The silence around the Bohra practice of FGM began collapsing when Mariya Karimjee, a Pakistani-American writer, wrote of her FGM experience in 2015. It quickly went viral. Another woman, Maryum Saifee, described her experience in The Guardian. That new openness dovetailed with Bohra activism against FGM that began emerging, with groups like Sahiyo: United Against Female Genital Cutting and We Speak Out.

At the same time, an Australian court sentenced a former midwife and two Bohra community members to 15 months in jail over FGM-related crimes. Then in 2017, prosecutors brought the first criminal indictment related to FGM under U.S. law. They arrested Jumana Nagarwala, a Detroit-area Bohra doctor, for cutting at least two girls. Seven other defendants have been charged with related crimes. The case is still ongoing. (Any form of FGM on girls is a federal crime.)

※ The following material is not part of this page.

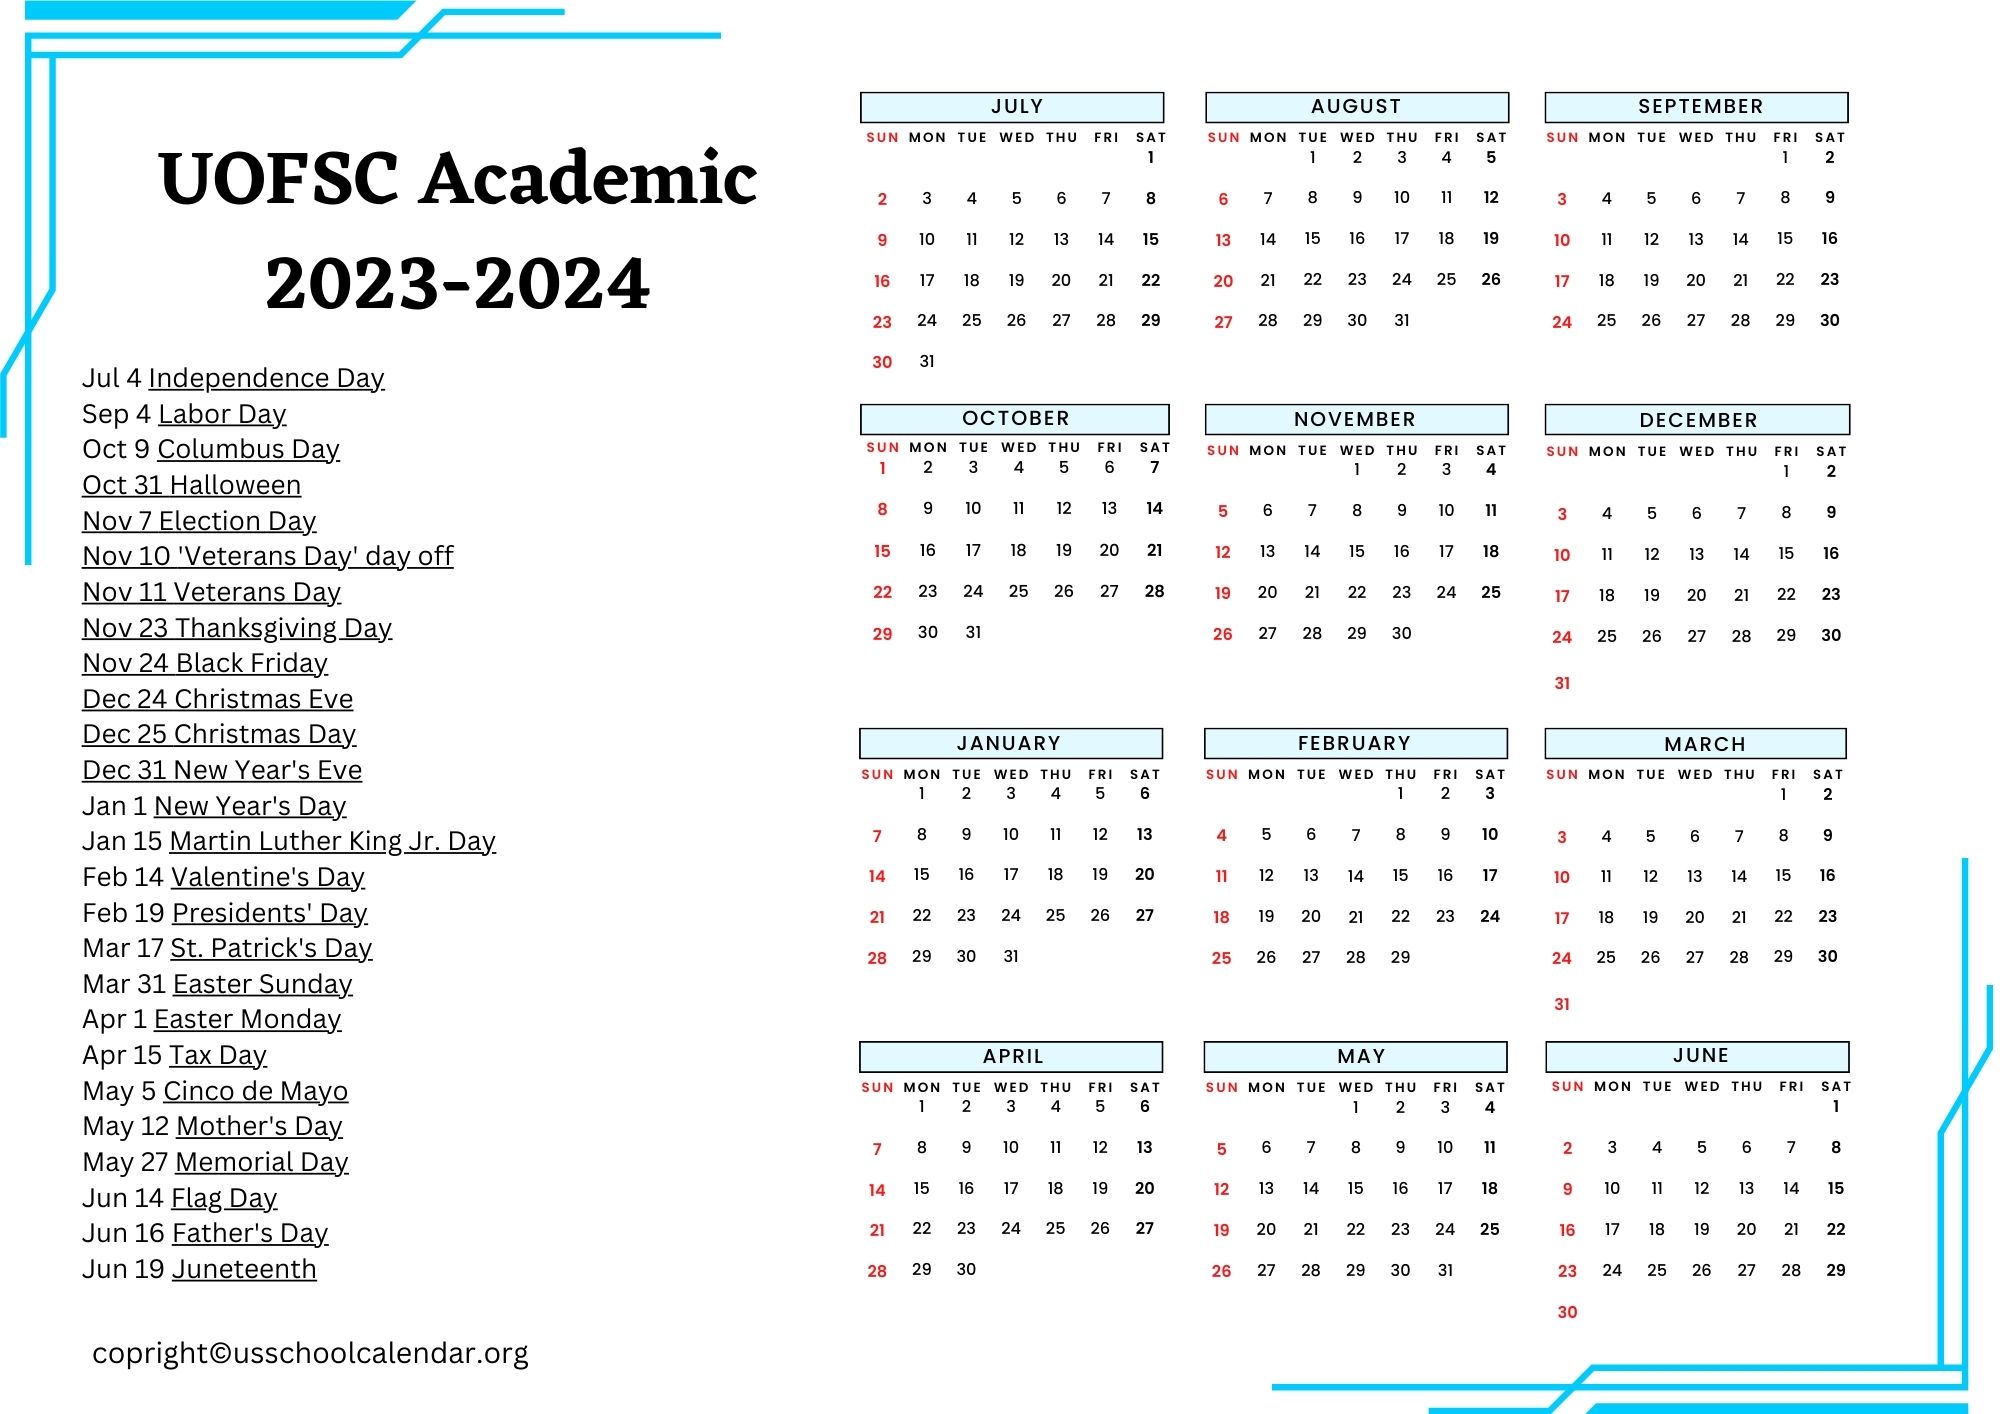 UOFSC Academic Calendar with Holidays 2023-2024

The case in Detroit, in particular, gave new impetus to the conversation about FGM in the Bohra community. And it unleashed something rare in this close-mouthed community: discord.

Khandwalla, the 44-year-old, says the case in Detroit pushed her to do something she had never considered before: go public about her own experience.

And S., a 36-year-old teacher, whose name we are withholding for her anonymity, says the Detroit incident encouraged women like her, once quietly queasy about FGM, to voice their views, sharing articles on Facebook and WhatsApp groups. Arguments ensued among pro-and-anti-FGM supporters.

“On social media, it created a huge crisis,” she says. She met with NPR in a café across town, so other Bohras wouldn’t see her.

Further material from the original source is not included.